Chapter 3: Product Thinking and Documentation-Driven Development

Introduction: Why write documentation before writing code?
Before letting AI write code, the seasoned expert stops your hand from rushing ahead. He tells you, before writing code, write documentation first. Without a blueprint, AI can easily become like a runaway horse, and the code it generates will often lack structure, resulting in a pile of features that no one can understand or maintain.
If you already have a clear idea, or just want to build a small tool or validate a technical approach, and don’t need to go through the full product validation process, you can jump directly to 3.2 Confirm Requirements with AI or 3.3 Hands-On PRD Writing.
The Three-Step Product Validation Method
The seasoned expert says: "Before writing any code, first do the three-step product validation method:
Step 1: Three essential questions. Who are the users? What pain point are you solving? Why would they choose you? These three questions may seem simple, but many people can’t answer them. If your user is 'everyone,' that means you have no user. If the pain point is 'I think this is needed,' then it’s not a real pain point. If your answer to 'why choose you' is 'because we have the best technology,' users simply don’t care.
Step 2: MVP thinking. What is the simplest version that can validate the hypothesis? Don’t try to build a perfect product all at once. Start with a minimum viable product (MVP) and quickly validate the core assumption. For example, if you want to build a food delivery app, the MVP might just be a WeChat group + manual order handling, not a full app.
Step 3: Rapid validation. Validate assumptions at the lowest possible cost. You can start by serving users manually, or build a simple landing page to collect user feedback. Remember: the earlier you fail, the lower the cost.
A PRD is AI’s execution spec. Once you’ve thought through the three steps above, the PRD is what translates that thinking into a structured document AI can understand.
3.1 Hands-On Idea Validation 🔴 - Master the three-step product validation method and avoid building something nobody wants
Confirm Requirements with AI
You may have noticed that AI output can sometimes be all over the place, or confidently say things that make no sense. Worse, AI won’t proactively ask questions—when you give it vague requirements, it makes assumptions based on common patterns in its training data and then starts generating code right away. If those assumptions are wrong, you’ll pay a much higher communication cost in later iterations to fix them.
The seasoned expert tells you that the core of proactive confirmation is this: don’t wait for AI to ask you questions—make AI clearly state its understanding.
After every requirement discussion, use a confirmation template to have AI restate: who the target users are, what the core features are, which features are out of scope, and what potential issues might exist. This helps you catch misunderstandings before writing code, instead of discovering them only after the code is already running.
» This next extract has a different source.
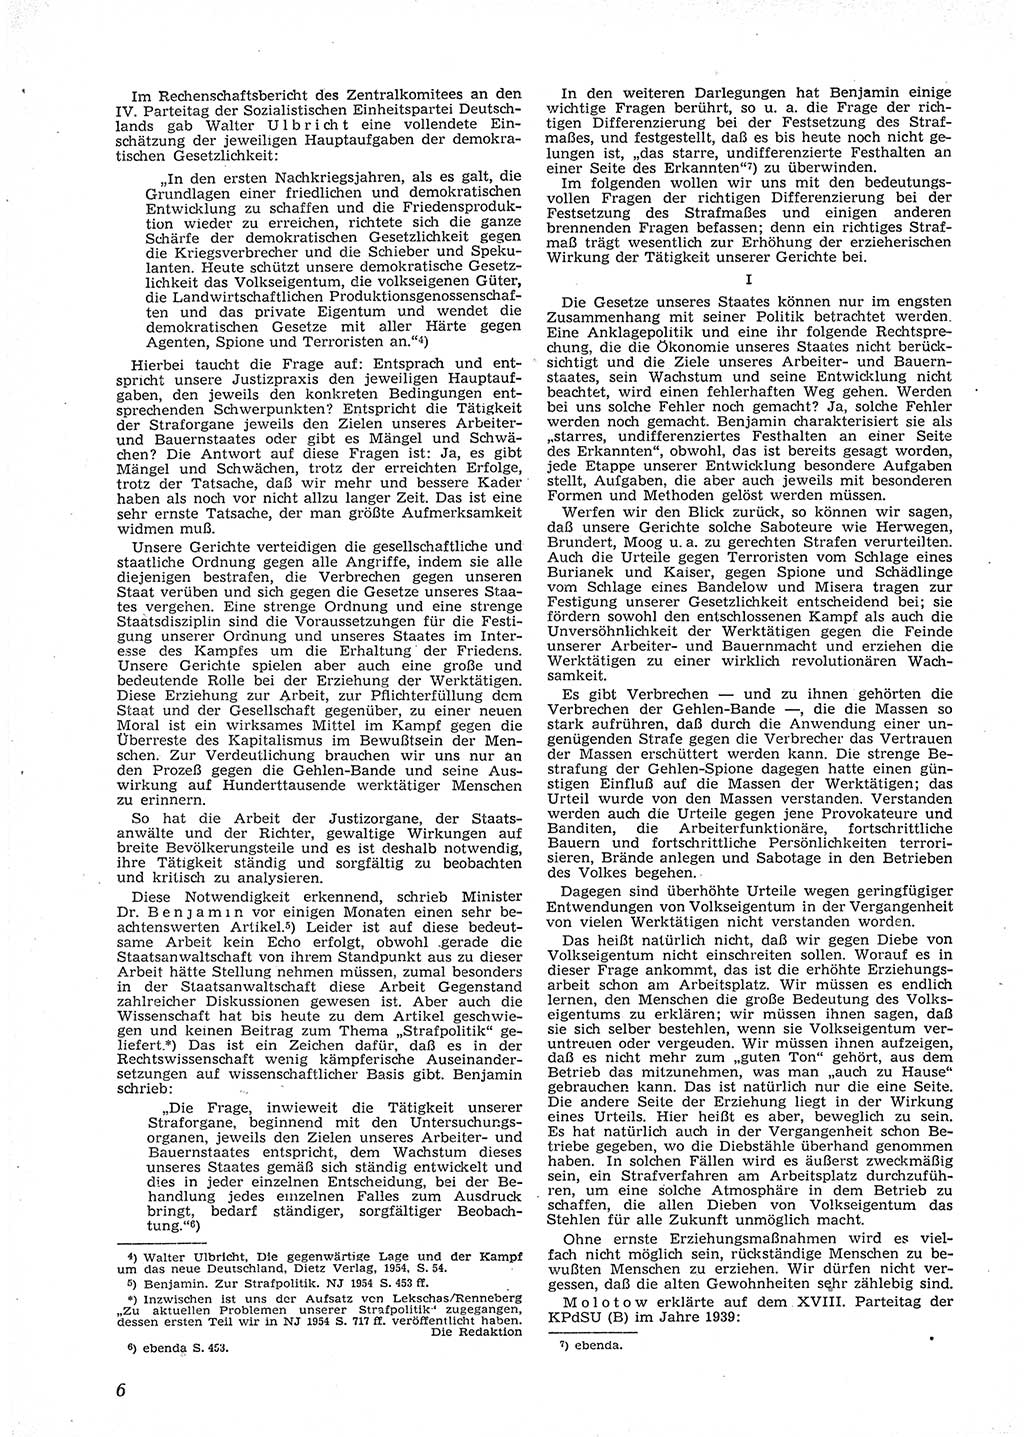 Neue Justiz (NJ), Zeitschrift für Recht und Rechtswissenschaft [Deutsche Demokratische Republik (DDR)], 9. Jahrgang 1955, Seite 6 (NJ DDR 1955, S. 6)
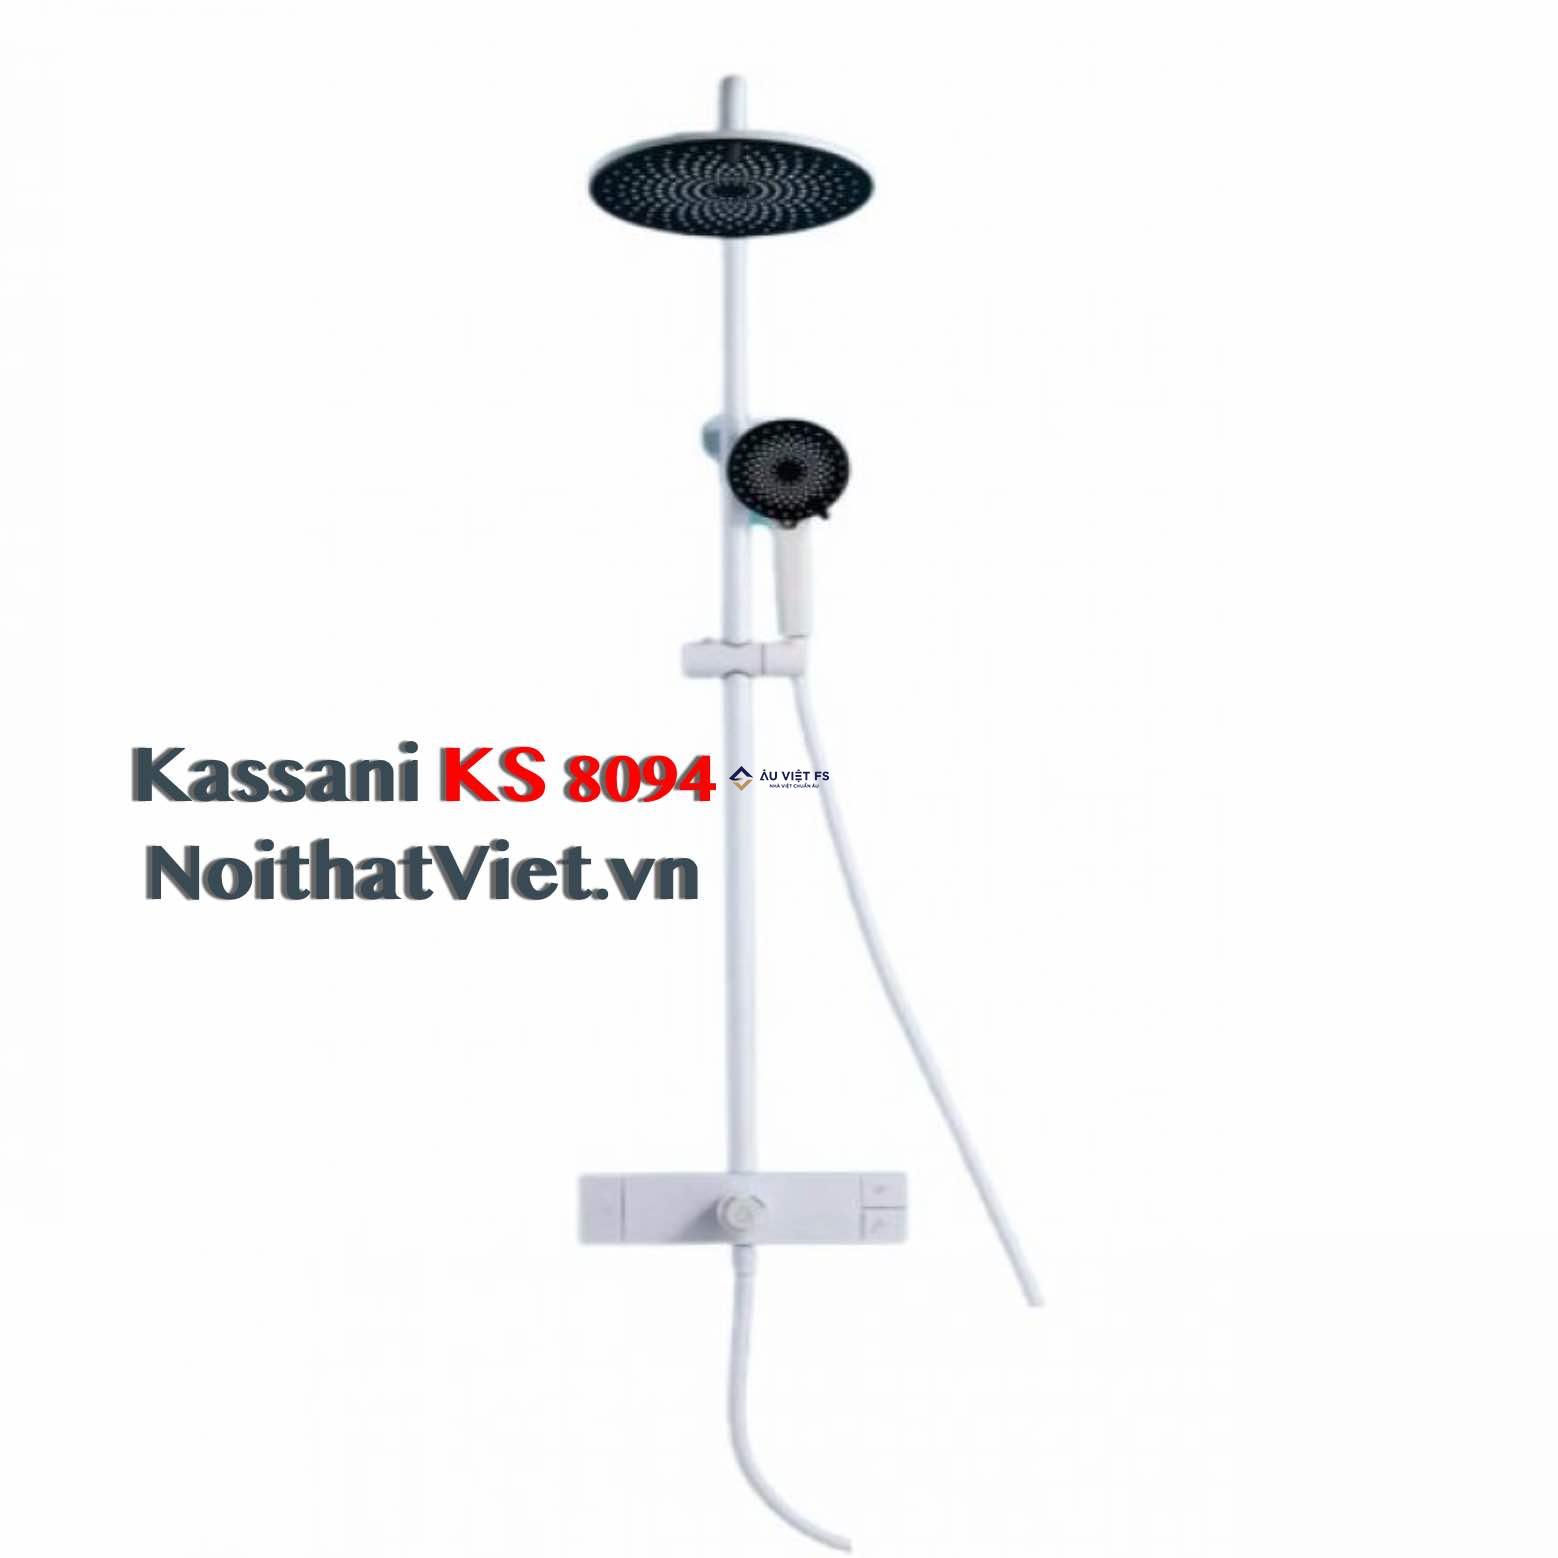 Kassani KS 8094, Kassani, Sen tắm Kassani, Sen cây Kassani, Giá Kassani, Sen tắm nóng lạnh, Sen cây cao cấp

3.2 Confirm Requirements with AI 🔴 - Proactively get AI to confirm its understanding and uncover blind spots
Hands-On PRD Writing
In traditional development, a PRD is written for the team; but in AI-driven development, the more important role of a PRD is to give AI complete context so it doesn’t have to keep guessing your intent.
The seasoned expert tells you that a complete PRD contains five core sections:
Part 1: Document information. Record the current document version, what stage it is in, who the key stakeholders are, and the iteration history of versions (such as draft, mid-version, final version).
Part 2: Background and objectives. Answer the project overview, core problem, user stories, and project goals.
Part 3: Solution overview. Use Mermaid diagrams to show the core business flow, feature flow, and information architecture.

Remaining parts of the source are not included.